Description
What is lactic acid
Lactic acid is a type of organic acid that can be found both in the human body and in nature. The history of this acid goes back to 1780, when the Swedish pharmacist and chemist, Carl Wilhelm Scheel, removed this substance from sour milk.
This acid is white in its solid state and becomes a colorless solution when dissolved in water. This substance is present in fermented products such as yogurt, kefir, barley water, wine, bread yeast, etc.
In our human body, this substance is secreted in the body when we reach a lack of oxygen due to intense sports activity.
Lactic acid is an organic acid with the molecular formula CH3CH(OH)COOH. This acid is white in solid form, dissolves in water and forms a colorless solution in solution.
What is the use of lactic acid
. Food industry:
It is mainly used for flavoring and adjusting the pH of food products
Pharmaceutical industry:
It is an important pharmaceutical intermediate that is used to produce erythromycin liquids.
Cosmetics industry:
it can nourish the skin, maintain skin moisture, adjust PH, acne and…
Pesticide Industry:
The high biological activity of soil and non-toxic products can be used in the production of new pesticides and environmental protection.
Tobacco industry:
It can improve the quality of tobacco and maintain the humidity of tobacco.
Other industries:
In addition to the above goals, this chemical is used for the production of biodegradable plastics, polylactic acid, and green solvents such as methyl lactate and ethyl lactate.
How is lactic acid formed?
During intense exercise, there may not be enough oxygen available to complete the process, so a substance called lactate is created. Your body can convert this lactate into energy without using oxygen (anaerobic respiration), but this lactate, or lactic acid, can build up in your bloodstream faster than you can burn it off.
Milk sugar lactose through fermentation by lactic acid-like bacteria.

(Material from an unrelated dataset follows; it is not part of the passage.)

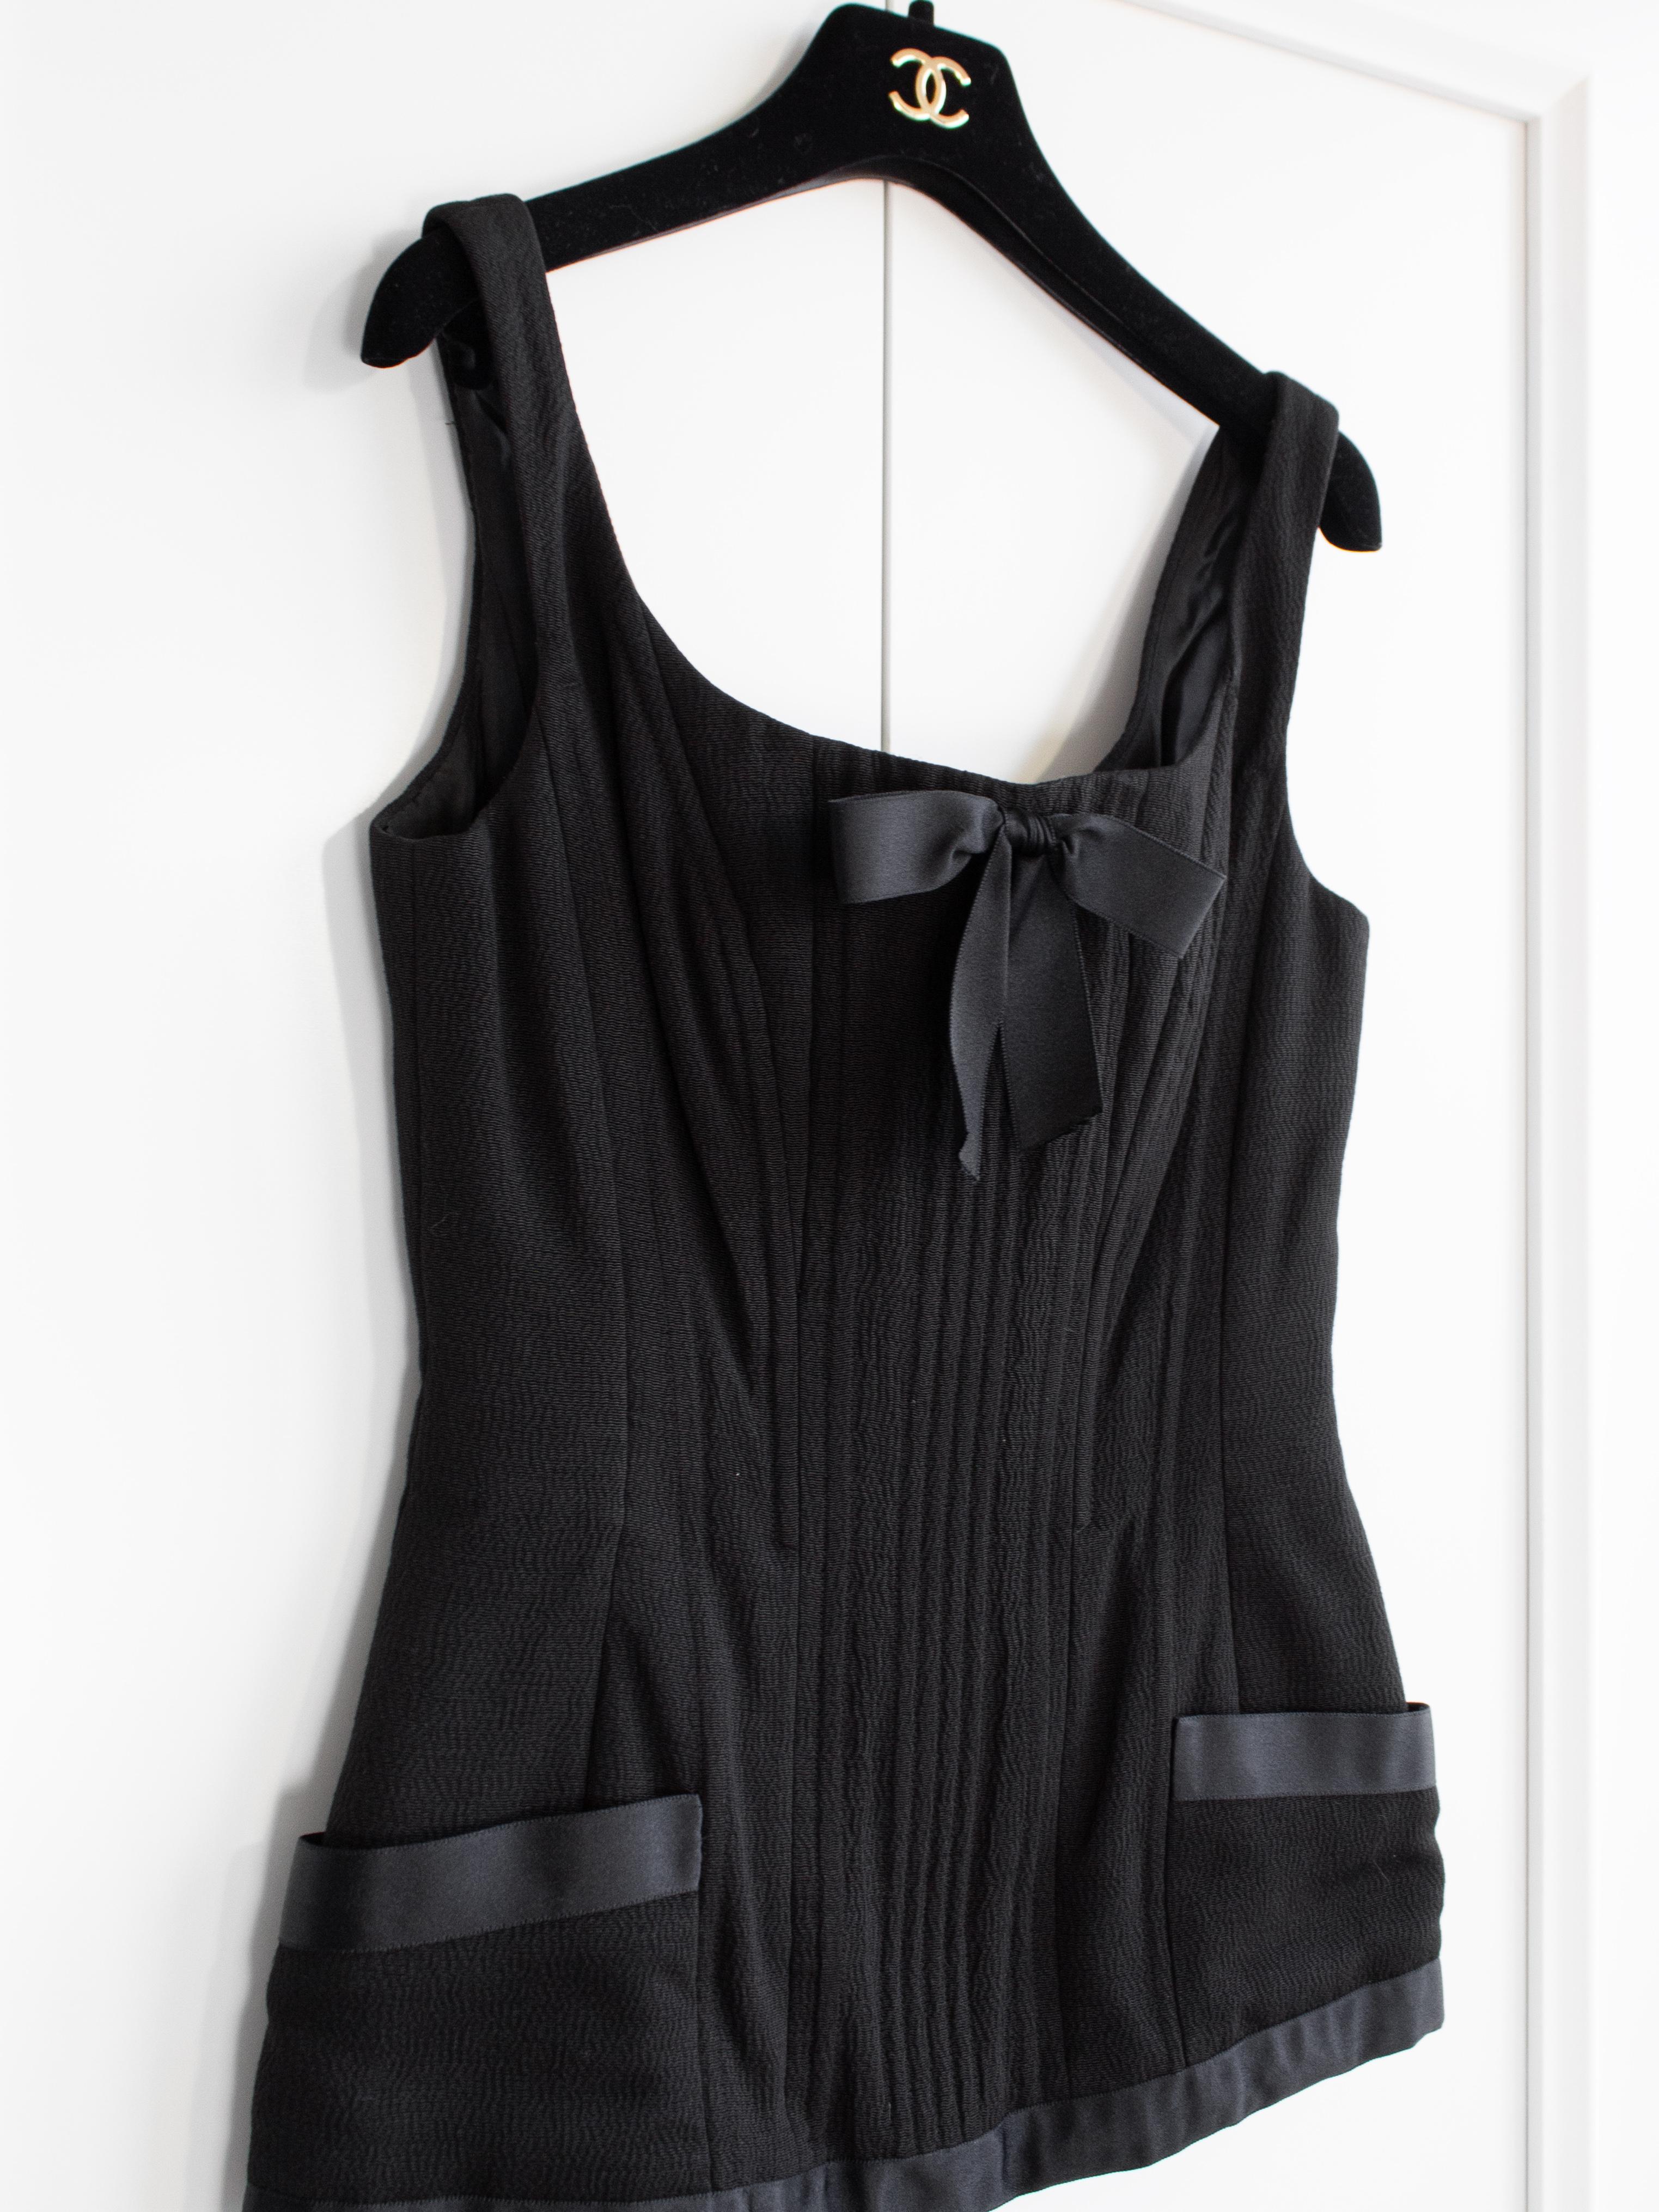 Iconic Chanel Vintage Spring/Summer 1993 Black Silk Bow 93P Corset Top 3

Apart from converting milk into lactic acid, LAB also improves its nutritional quality by increasing its vitamin B12 content. Lactic acid bacteria are a type of microorganism that can ferment carbohydrates to produce this chemical and are currently widely used in the fermented food industry.

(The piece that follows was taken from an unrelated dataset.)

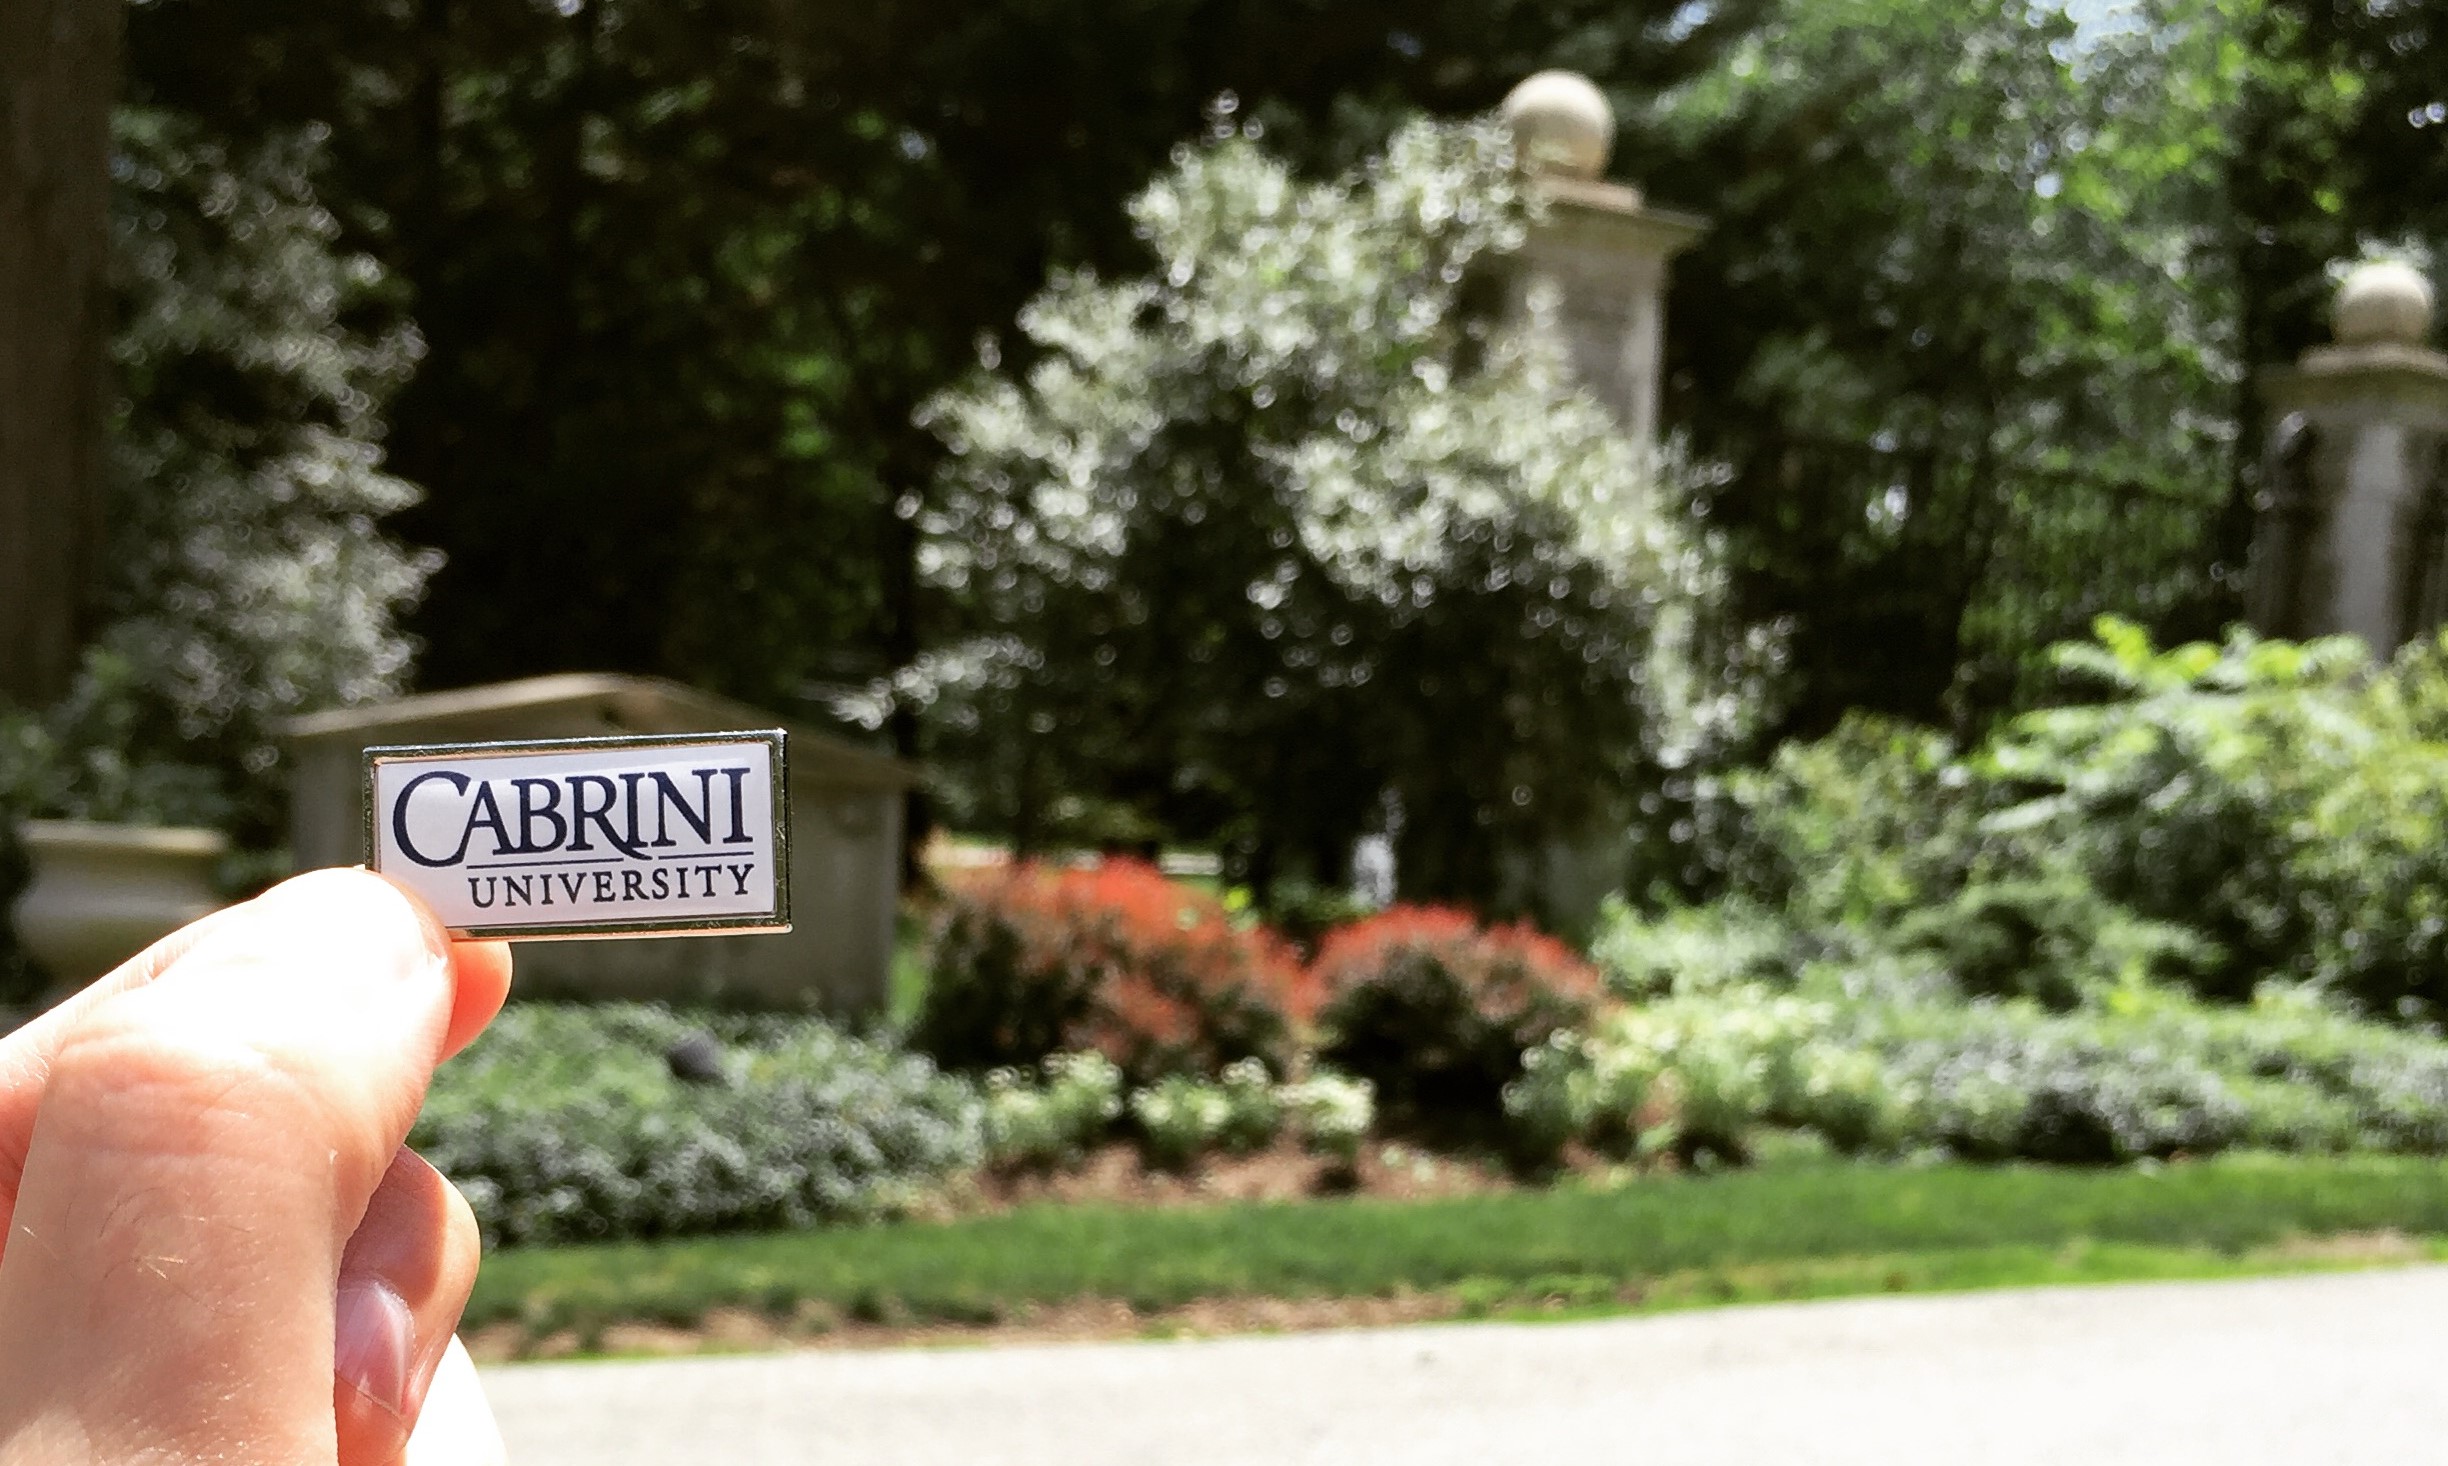 A hand holding a Cabrini University pin over the Cabrini College sign

In recent years, with the great role of lactic acid bacteria in the food industry and the performance of probiotics, their microbial metabolic characteristics have also attracted more attention. Lactic acid bacteria can degrade macromolecular substances in food, including the breakdown of indigestible polysaccharides and the conversion of undesirable flavoring substances.

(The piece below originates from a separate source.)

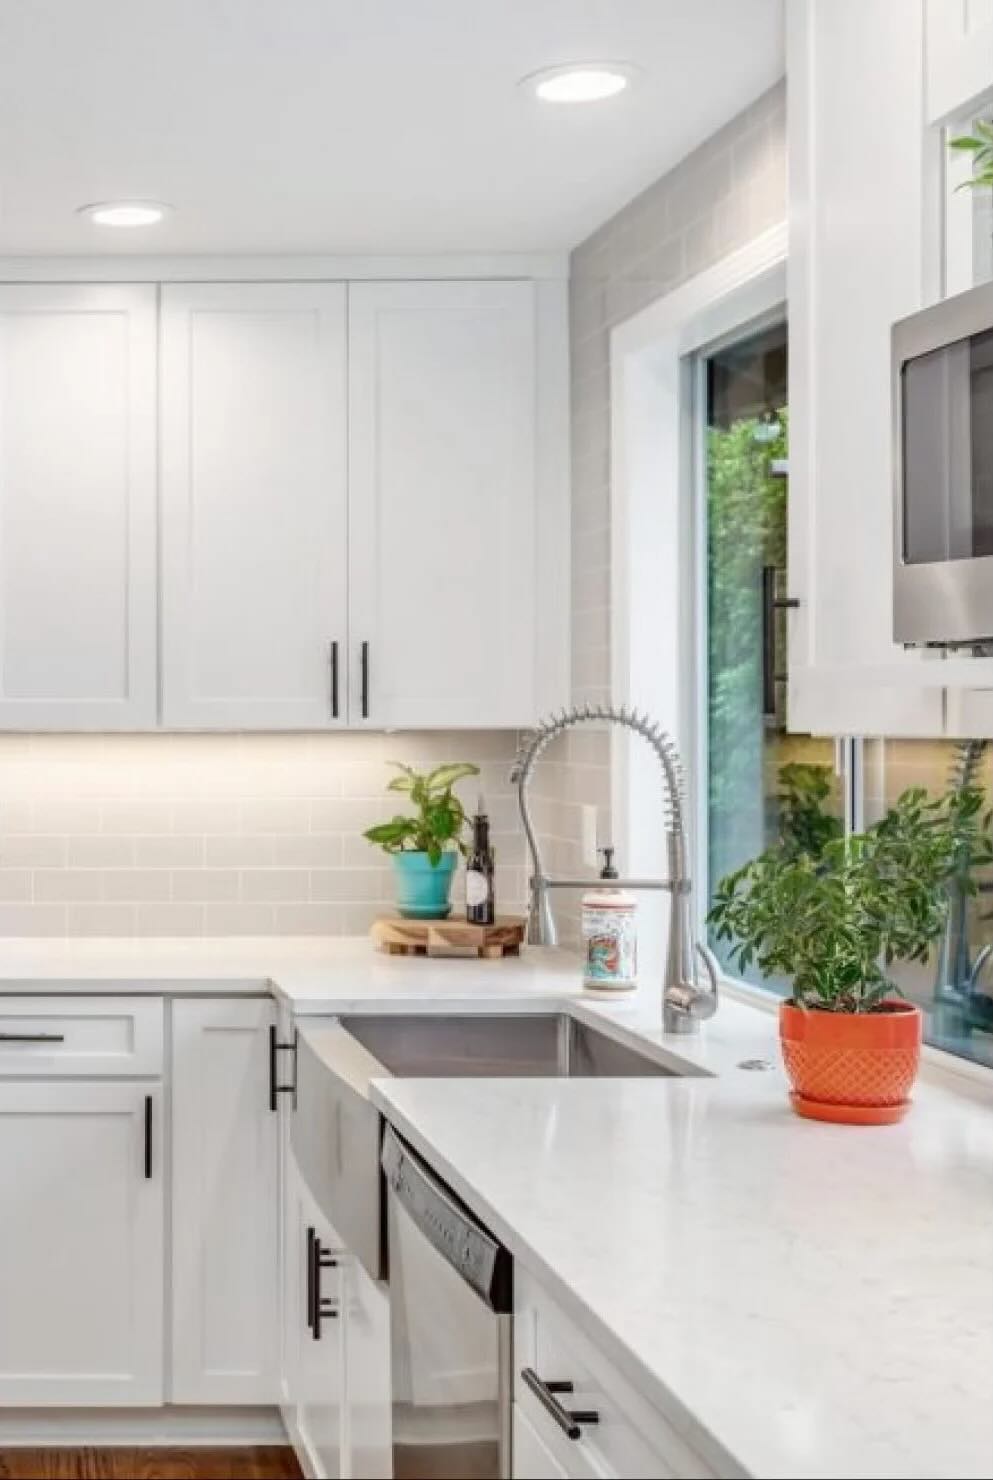 How to Protect Your Home During a Kitchen Remodel

Metabolic engineering refers to the use of synthetic biology and systems biology methods to improve the use of existing biosynthetic metabolic pathways or create new biosynthetic pathways. In the food industry, the main goal of applying metabolic engineering strategies in lactic acid bacteria is to increase the production of specific metabolites of lactic acid bacteria (such as exopolysaccharides, sugar alcohol compounds, vitamins and bacteriostatic peptides, etc.).